# MSI R6870 Hawk fan problems!



## rak2410 (Apr 6, 2013)

Ok guys i have MSI R6870 Hawk with twin frozr 3. But out of those 2 fans, one stopped working long time back and the other one is making noise which i guess will eventually stop! 

So i was looking for an aftermarket cooler .. but i dunno how to install it and all that ( but i can try ). So what r ur thoughts? what should i do? any compatible coolers available in India?

Thanks,
Rakshith Anand


----------



## Cilus (Apr 6, 2013)

Is your card within warranty?


----------



## rak2410 (Apr 6, 2013)

Cilus said:


> Is your card within warranty?



Yes warranty is still valid but i got this card from US. So i really dont know whether they will have a intl warranty.


----------



## Tenida (Apr 6, 2013)

^^ Just try once going to the MSI service center otherwise aftermarket cooler is there anyway


----------



## anirbandd (Apr 6, 2013)

yea... try RMA.. if not, then go for aftermarket


----------



## rak2410 (Apr 6, 2013)

Tenida said:


> ^^ Just try once going to the MSI service center otherwise aftermarket cooler is there anyway





anirbandd said:


> yea... try RMA.. if not, then go for aftermarket




Yes, i will go to a service center and then update !

Thanks


----------



## rajnusker (Apr 9, 2013)

So what happened at the service center?


----------



## rak2410 (May 30, 2013)

Finally got it repaired! MSI Service Rocks!Period.

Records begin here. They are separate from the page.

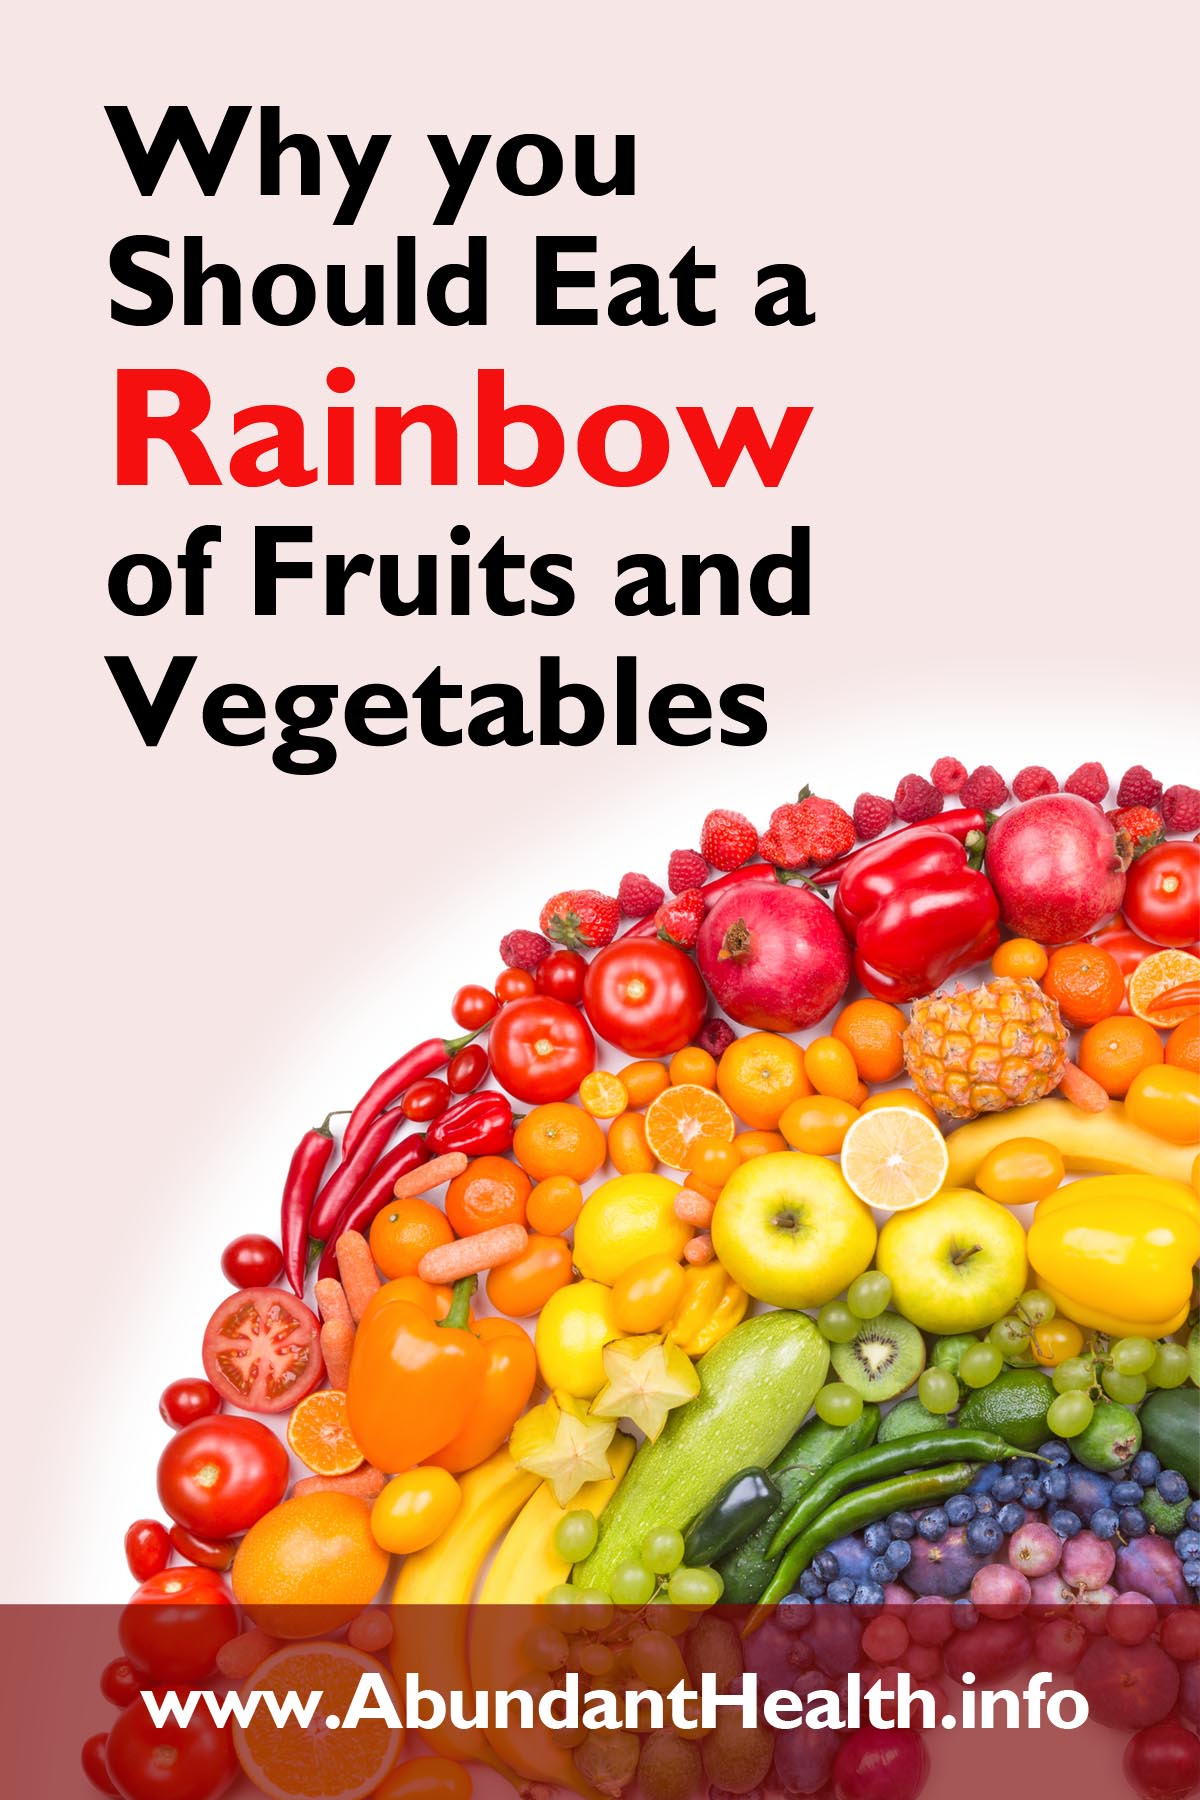 Why you Should Eat a Rainbow of Fruits and Vegetables
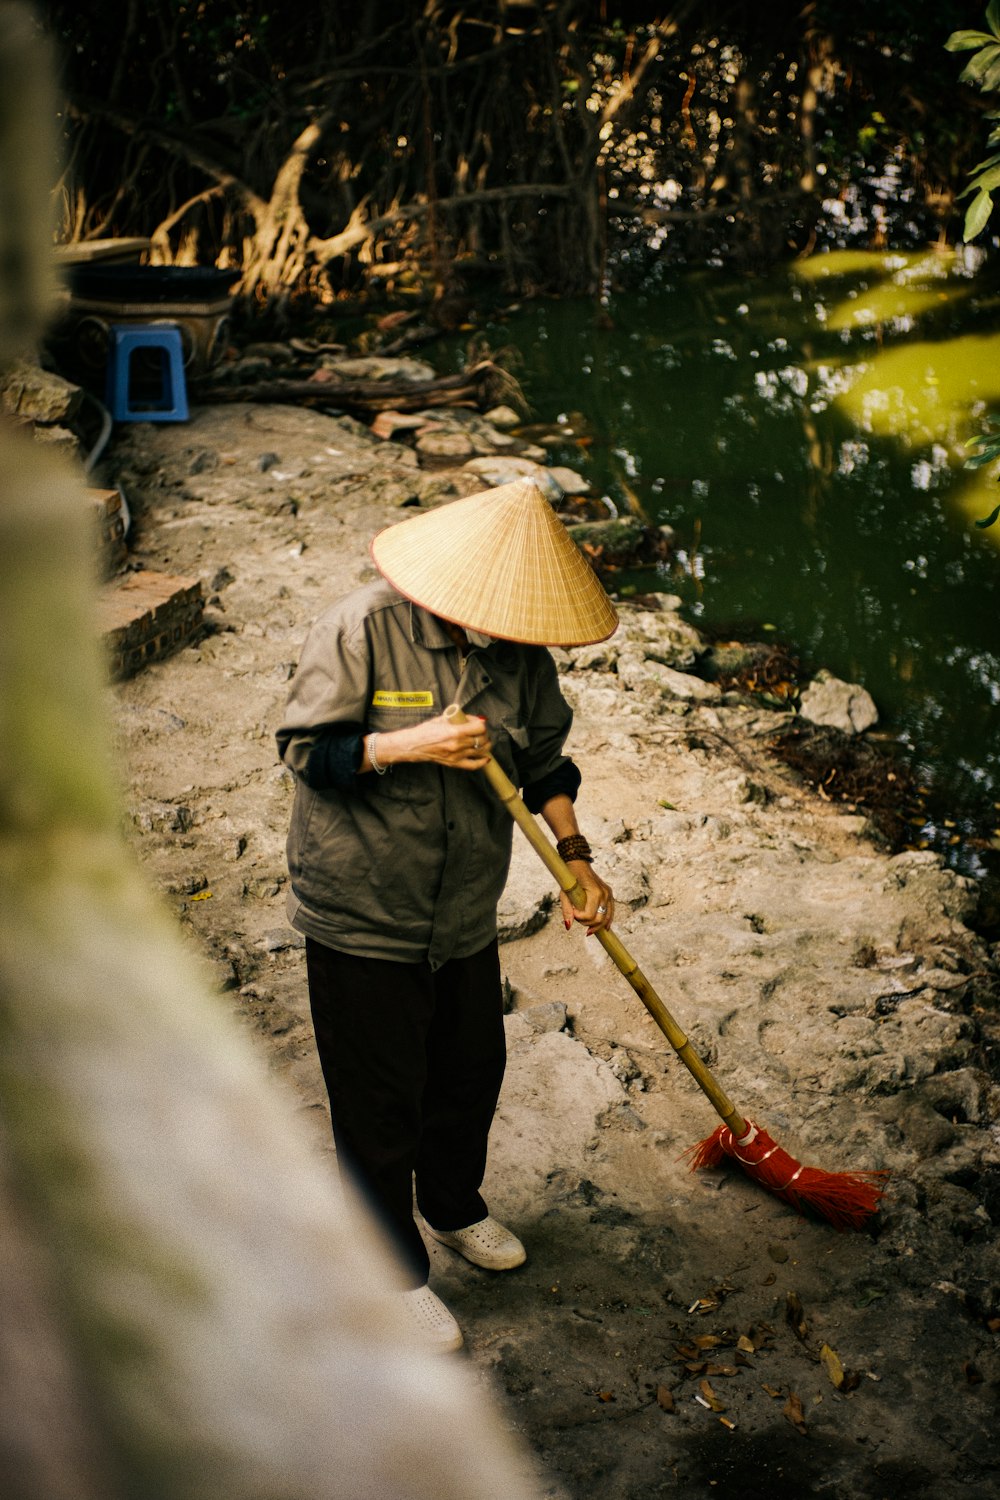 a woman with a straw hat is holding a shovel
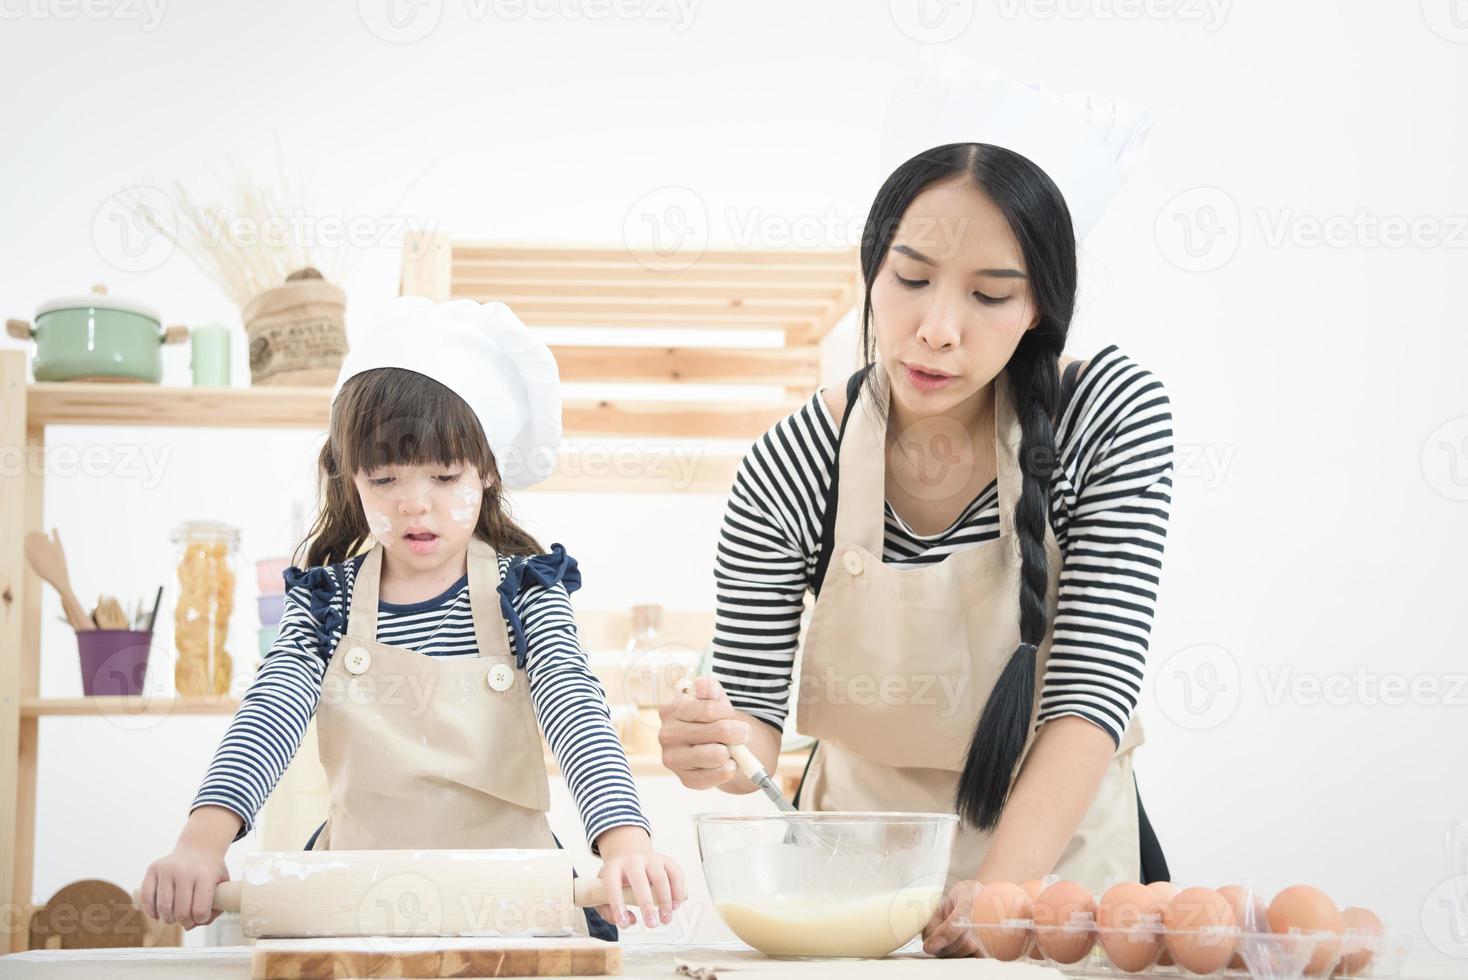 Asian mother and her daughter are preparing the dough to make a cake in the kitchen room on vacation.Photo series of Happy family concept. photo

Recently both my gpu fans went kaput and i had to take emergency action.  So went to the service center - Which is Digicare. Ill tell you this - They are awesome!

I gave it last Thursday ( May 23rd ). I did not have my bill of purchase also even then they checked the status of warranty without asking for the bill and they told its in warranty and we will repair it within a week! And yesterday( May 29th) i recieve a mail saying its repaired!! 
It was RMA ed to MSI Taiwan. I got mail from rma.msi.tw saying we recieved your shipment On Monday i.e ( May 27th).
And its repaired and back in Bangalore on 29th eve! 

I was quite surprised that they were so efficient!

I would definitely buy a MSI product in future. I recommend others to , as well!


----------



## Nerevarine (May 30, 2013)

Quite surprising that MSI still has service (and that too this awesome) in india..
Congrats !!
PS : ASUS also has digicare as it's regional distributor and ive had mixed experience with dem


----------



## rak2410 (May 30, 2013)

Ty 

And oh, well sometimes it happens . Maybe in Bangalore they are pretty good.
Anyway, hopefully they continue this excellent service.


----------



## The Sorcerer (May 30, 2013)

Nerevarine said:


> Quite surprising that MSI still has service (and that too this awesome) in india..


It never left to begin with.


----------